I never thought of my tears as being a sign of greed, but as I think about this, I can kind of see what Sirach is talking about. In recent times of suffering, a friend and I often discussed why God gave us emotions. We have both suffered tremendously over the last few years, but we both also have very pressing duties to others that demand our full attention and clear thinking. In the worst times of suffering, we knew what we had to do, but our emotions were so strong that they were getting in the way of our duties. Why did God allow this? What was the point of these emotions? I did not really have an answer, other than the fact that I had been learning Ignatian discernment, and was coming to understand how our emotions are one way God and the "good spirits" guide us in our decision making.
My friend and I both had our times of tears during all of this, we still do, but we never let the tears take over. We let them out, and then move on. Often, though, when I lapse into crying, it feels self-indulgent. Like I am giving in to my anguish when God wants me to buck up, accept my cross, and move forward. Then I quickly wipe the tears away and try to do just that. To her credit, my friend does not seem to give in to the tears as often as I do, I think she is further along the path of suffering than I am (and she certainly has suffered much more than I have).

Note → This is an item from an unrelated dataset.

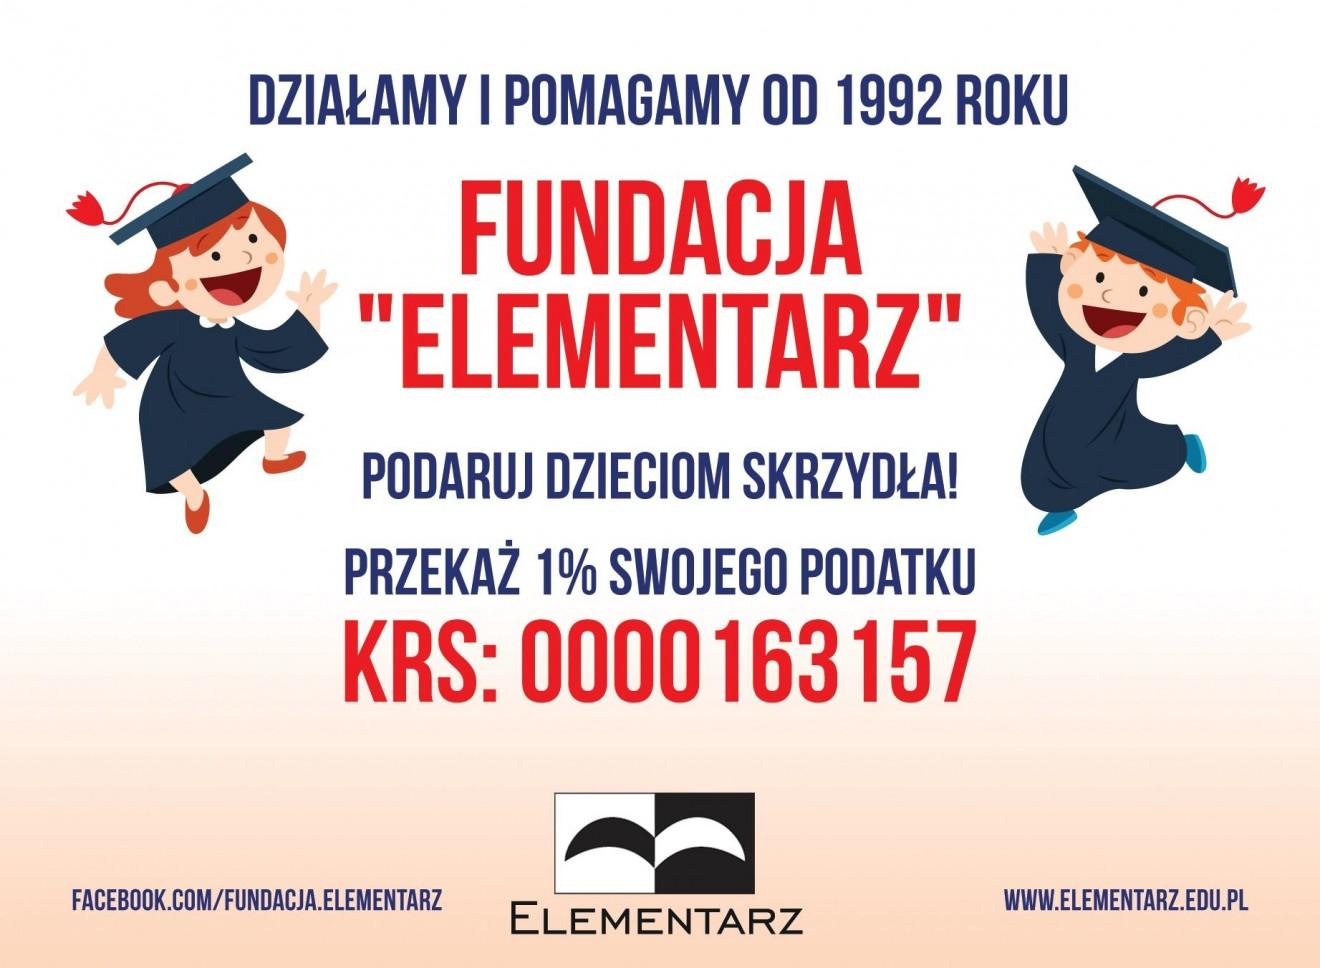 ulotka_elementarz00_page_001

That self-indulgent feeling of mine is, I think, one way this "greedy eye" Sirach talks about manifests itself. When I spend my time crying over things or situations, it's because I feel a loss. But God would not take these things away if He did not have something better in store. So my tears are really a sign of attachment, especially when I give into them frequently. Attachment can and does inspire greed for the thing to which we are attached. We can't get enough of that person or thing, it becomes the balm to our souls that God is meant to be (an ineffective balm, at that).

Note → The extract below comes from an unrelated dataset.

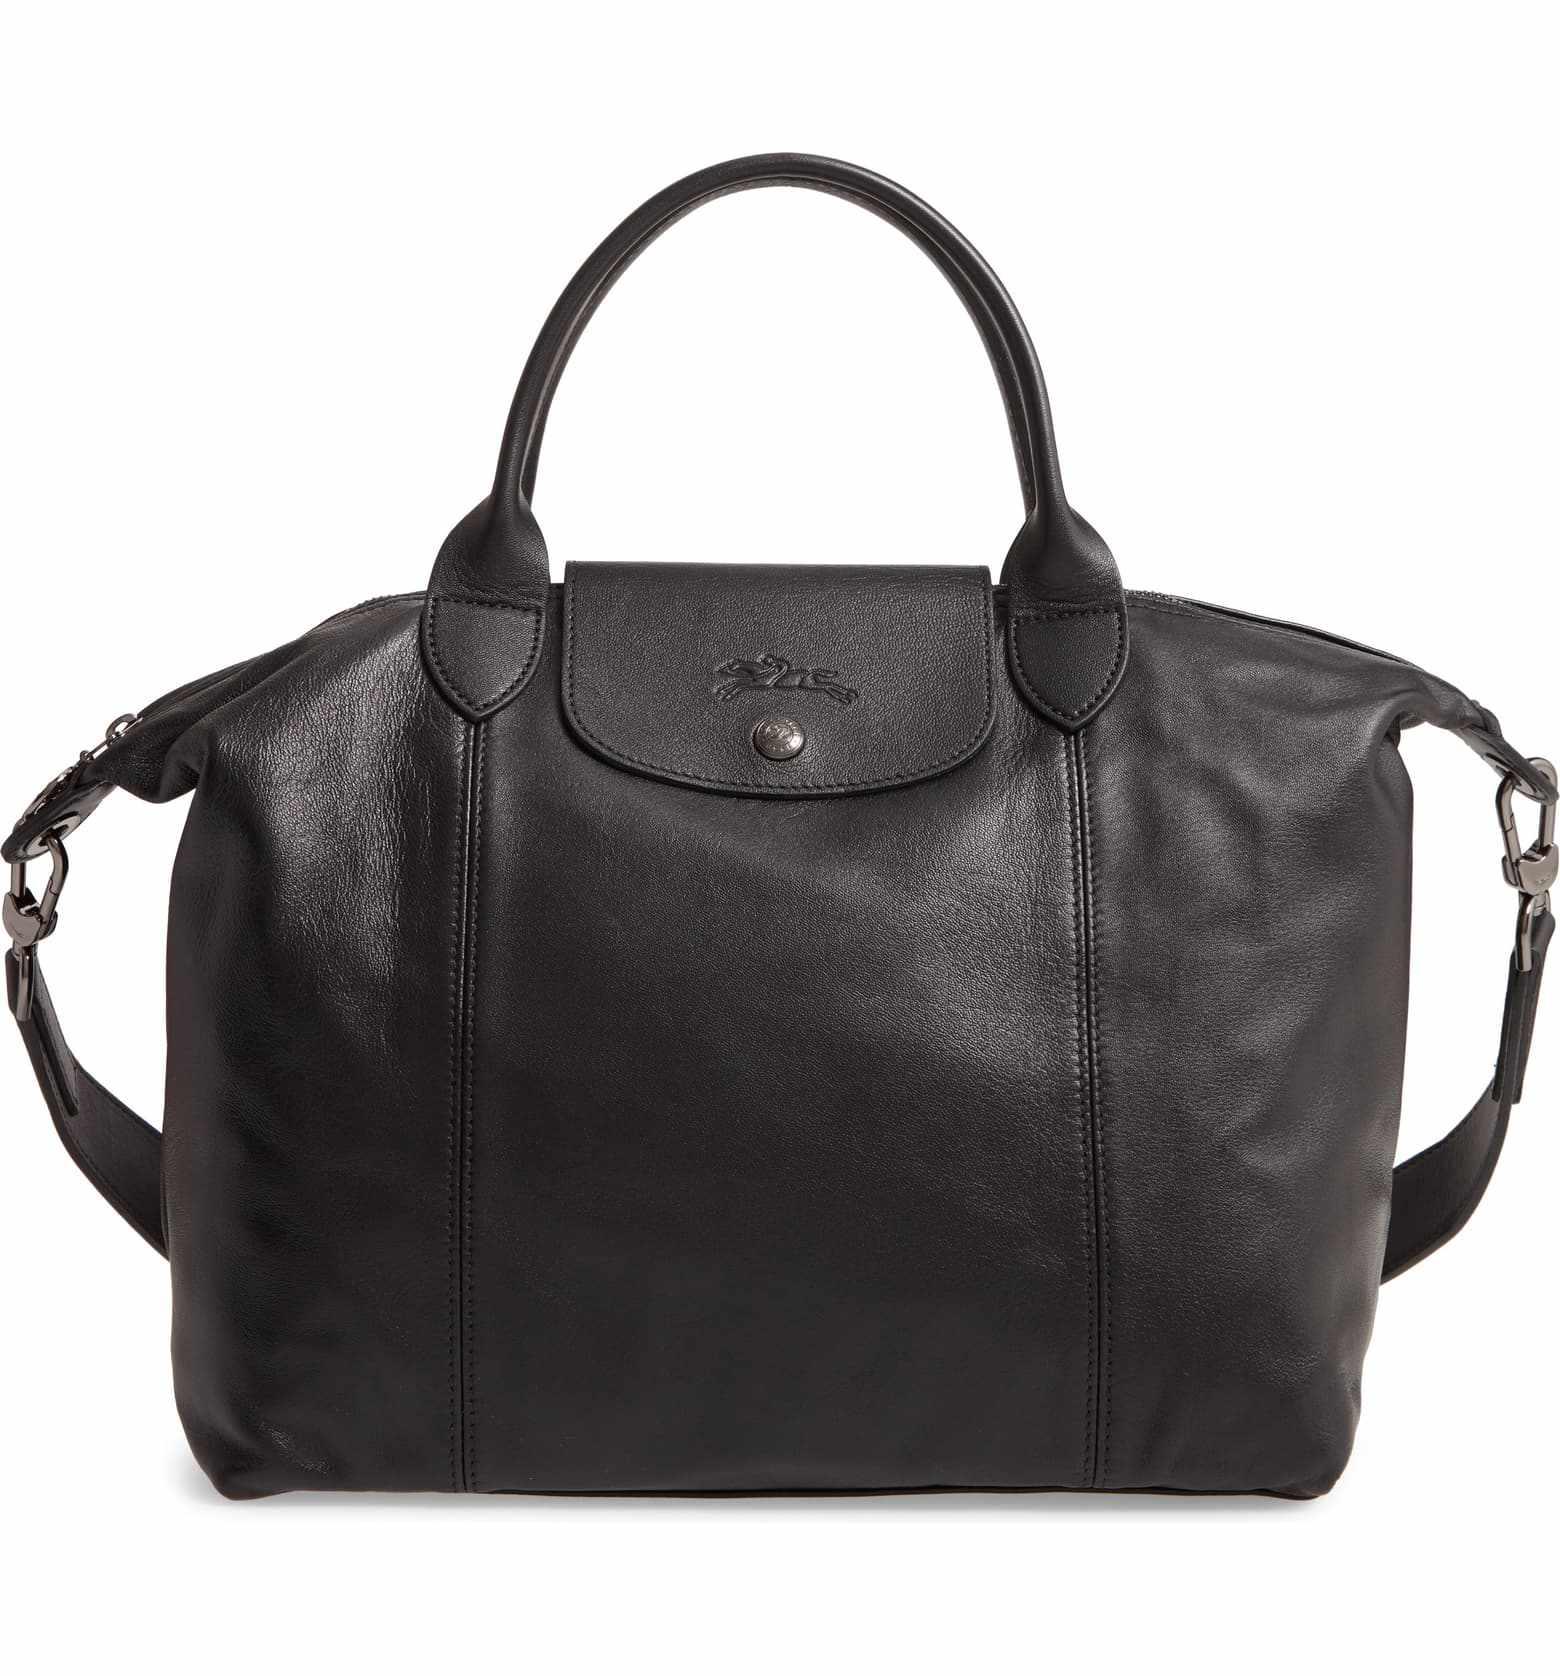 Medium Le Pliage Cuir Leather Top Handle Tote

To be fair, though, we are human and we have been created with emotions. Without them, we could not love as God does. Even Jesus wept when Lazarus died. Our emotions, then, are somehow part of us being created in God's image. But Jesus did not dwell on His pain or the loss of Lazarus. Instead, He showed us how better things are coming. He raised Lazarus from the dead, as He will with all of us.
So there is crying in Christianity, but not the crying of disordered attachment. We are to trust God's plan in all things. Even though it is normal to feel the pain of loss and to express it with an occasional bout of tears, we cannot cling greedily to the things, or even people, of this world, and descend into abject sadness when we lose them. We really are an Easter People - we know how this ends, and it is all joy!